As for Gainsborough's precocity, you need only look at the dates, though they're usually approximate. The first pictures here come from his late teens; the last, from his early thirties. He seems to have known what he was good at from the start. The earliest item, Bumper (a hound portrait in a wood), shows Gainsborough putting his hand to effects - sudden, unpredictable lights, startlingly pure colours - which he refined, but didn't essentially alter for many years.

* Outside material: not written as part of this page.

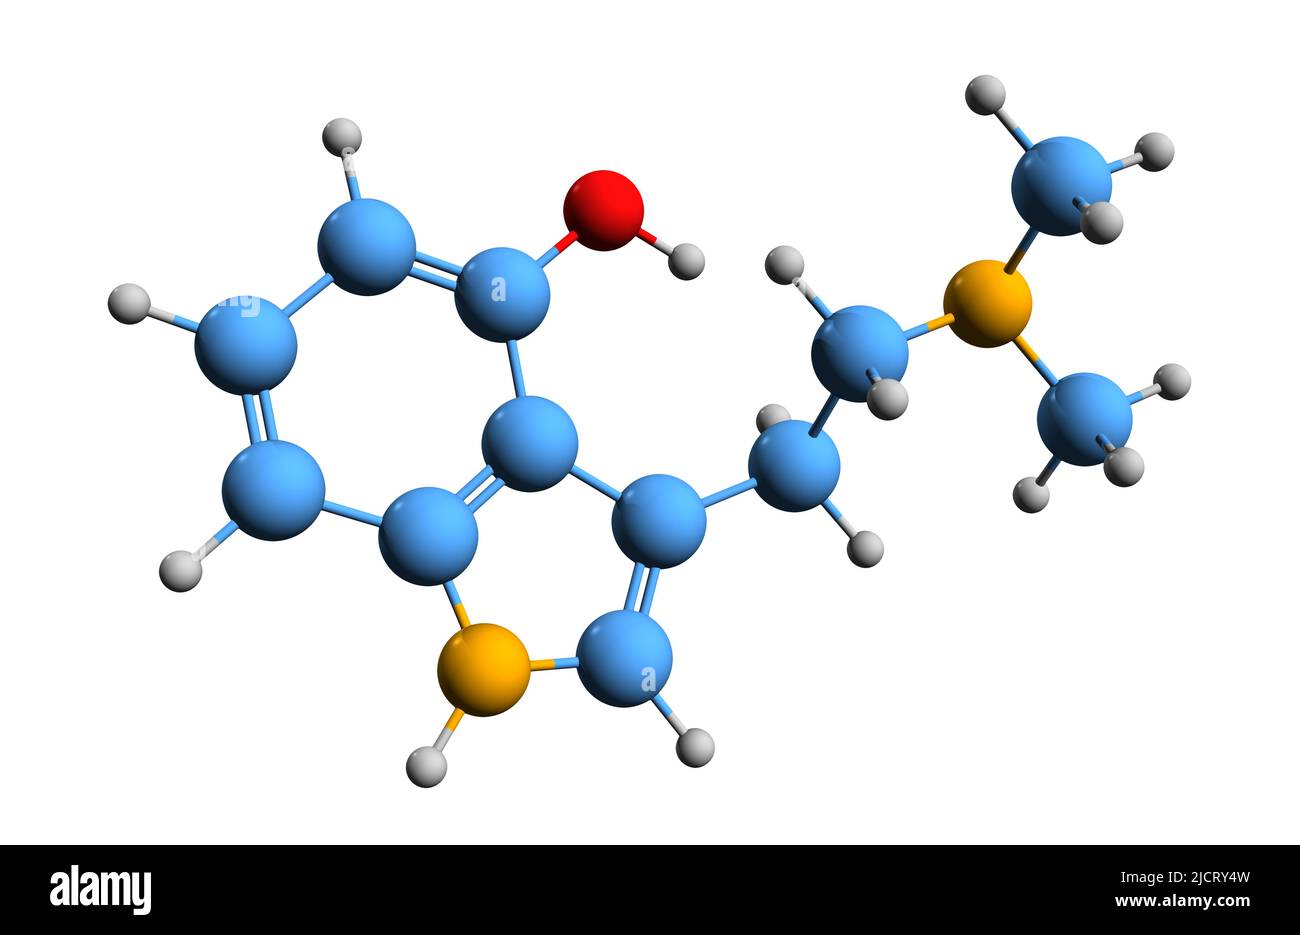 3D Imagen de la fórmula esquelética de psilocina - estructura química molecular de psilocin o psilotsina aislada sobre fondo blanco Foto de stock

Effects, they are. Gainsborough may have taken notes al fresco, but his naturalism is a hit-and-run affair, a matter of telling details. His abiding and often expressed "inclination to landskip" reflects less a native affection for the Suffolk country, more the opportunity it provided for a good free paint. The Wooded Landscape, for instance, is pretty well a fantasia of billowing autumn foliage, and don't enquire too closely into the species of the trees involved.

Pure landscapes, it happens, are rather outnumbered in this show by outdoor portraits - partly the result of what could be rounded up from British collections. Here Gainsborough is not so fluent. He suffered an occupational hazard: the human figures were painted from dressed manikins, a common practice for the jobbing portraitist, with the sitter's face added at the and, and it shows. These characters have been compared to bottles, which makes them sound sweeter than they usually are (though still preferable to his later portraiture from life, those oddly monstrous figures that always suggest human versions of a pantomime horse). And John Plampin, reclining doll-like on a grassy knoll, is sweet. It's a small picture, and it's as if a little fellow in a bonsai world had been depicted actual size.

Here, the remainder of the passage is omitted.